On the flipside, an attorney knowledgeable about the matter boils it down to this:
“In the aftermath of 2013, all of the courts have said that the haircut was legal. The House mandated the haircut legislation, and the banks complied. They simply followed the law.”
Asked to estimate the number of haircut-related lawsuits filed so far, the lawyer said it’s very difficult, but if he had to guess they range between 1,000 to 2,000.
For lawsuits where Bank of Cyprus is one of the defendants, perhaps a few hundred lawsuits are still pending.
In tandem, the statute of limitations has already expired. Broadly speaking, in Cyprus the statute of limitations for filing a civil lawsuit is six years. This suggests that the last bail-in lawsuits were filed in 2019 – six years after the fact.
“So, taking all this into consideration, we could say the haircut claims are thinning out,” said the lawyer.
On whether any such cases have been heard at the European Court of Human Rights, the lawyer said yes – although he could not recall specifics.
“What I do know is that the Echr has opined that in Cyprus there occurred no unlawful interference with private property in relation to the events of 2013.”
As it happens, the two court judgments favouring the plantiffs in Cyprus were issued in November 2023.
In the first, dated November 8, judge Kitsiou awarded the plaintiff – Ivan Antonov, a Russian national – the sum of €780,000. Ivanov had initially sued for €1.6 million in damages.
He had sued Laiki Bank, its special administrator Andri Antoniadou, the Central Bank and the Republic of Cyprus. The defendants actually found liable were Antoniadou and the Central Bank.
Laiki, now defunct, cannot be expected to pay damages.
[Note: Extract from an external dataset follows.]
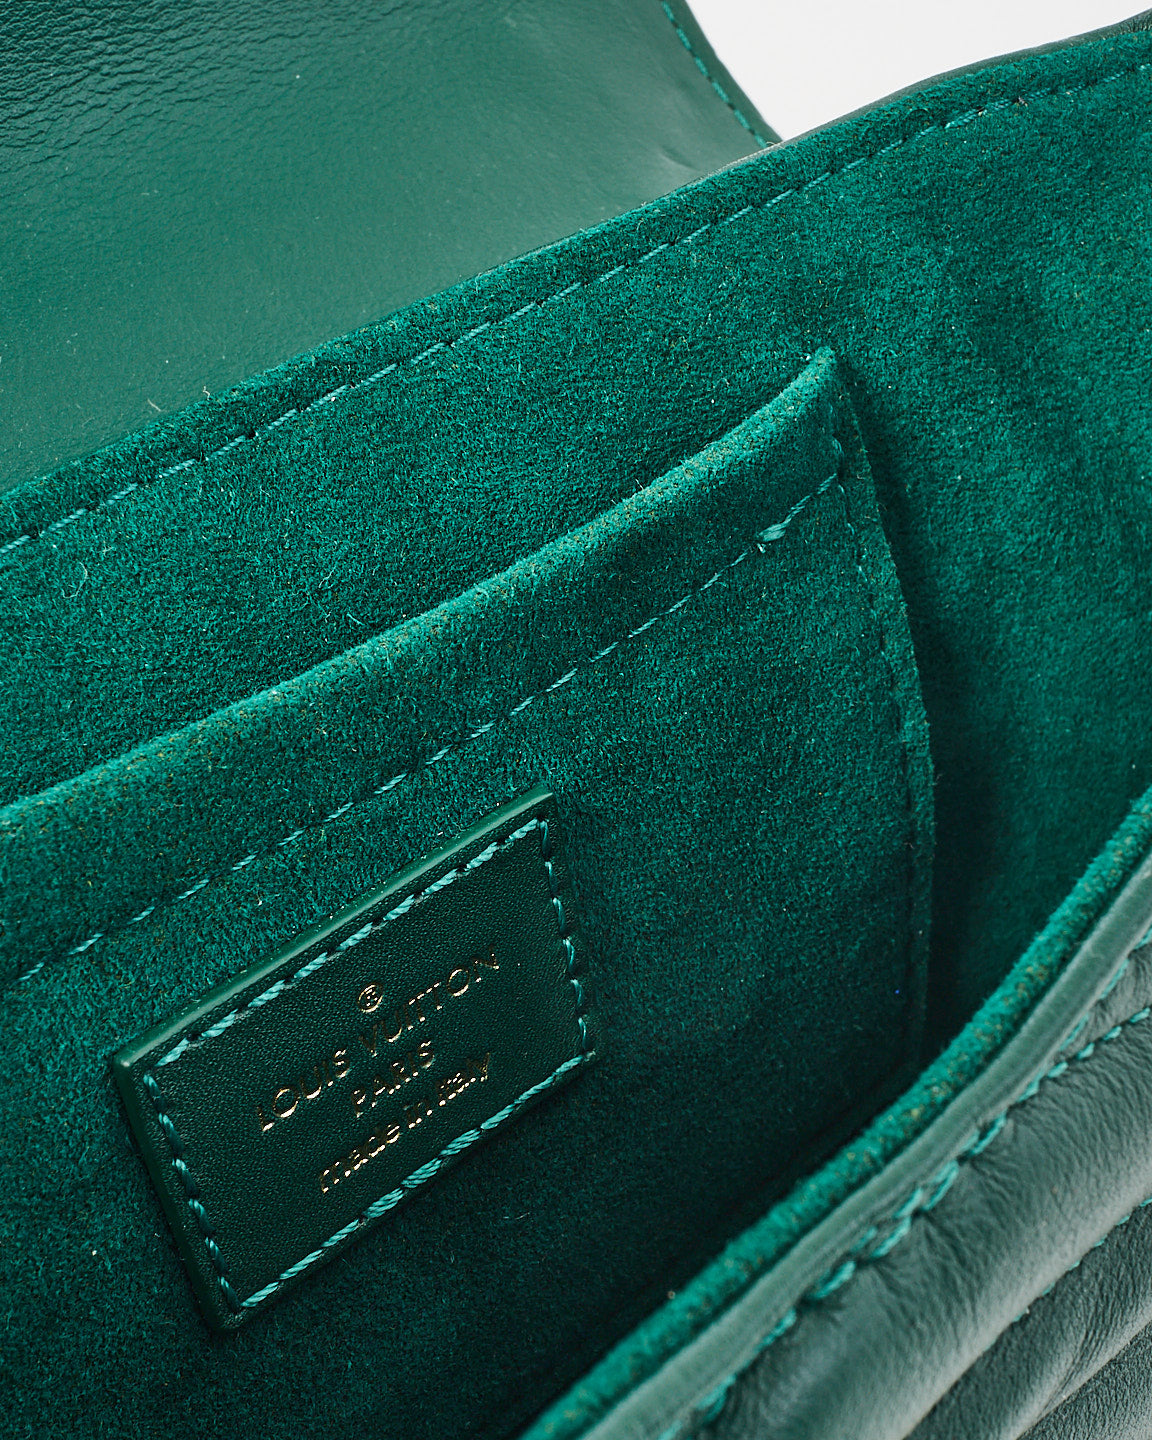 Louis Vuitton Chaîne New Wave en cuir vert émeraude PM

In the second successful case, the judgment issued on November 30 of 2023, judge Kitsiou found in favour of a group of plaintiffs. They were: Farid Kantserov, Svetlana Kantserova, and Evgeny Kantserov (Russian nationals) as well as Andrei Kantsarau and Tatiana Kantsarava (Belarussian nationals).
In this order, the plaintiffs were awarded the following damages: €1.35 million, €2.45 million, €651,000, €434,000, and €490,000.
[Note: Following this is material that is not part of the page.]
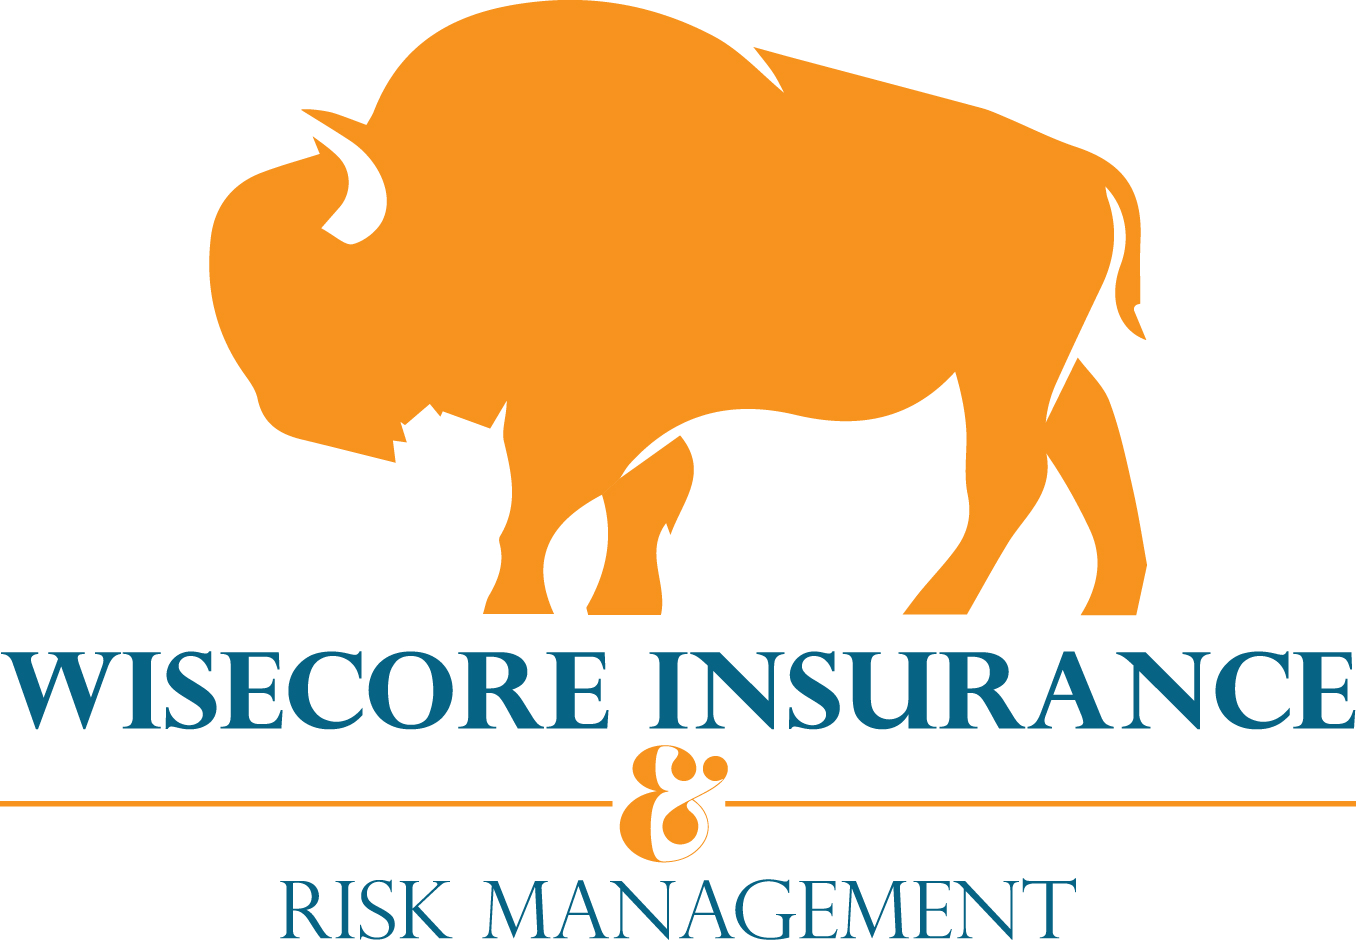 Wisecore Insurance

They had likewise sued Laiki Bank, Andri Antoniadou, the Central Bank and the Republic of Cyprus.
Here again, the defendants found liable were Antoniadou and the Central Bank.
Both these judgments are under appeal.
According to International Monetary Fund data, the total deposits which got ‘shaved’ in March 2013 amounted to around €8 billion, of which €3.7 billion were with Laiki Bank.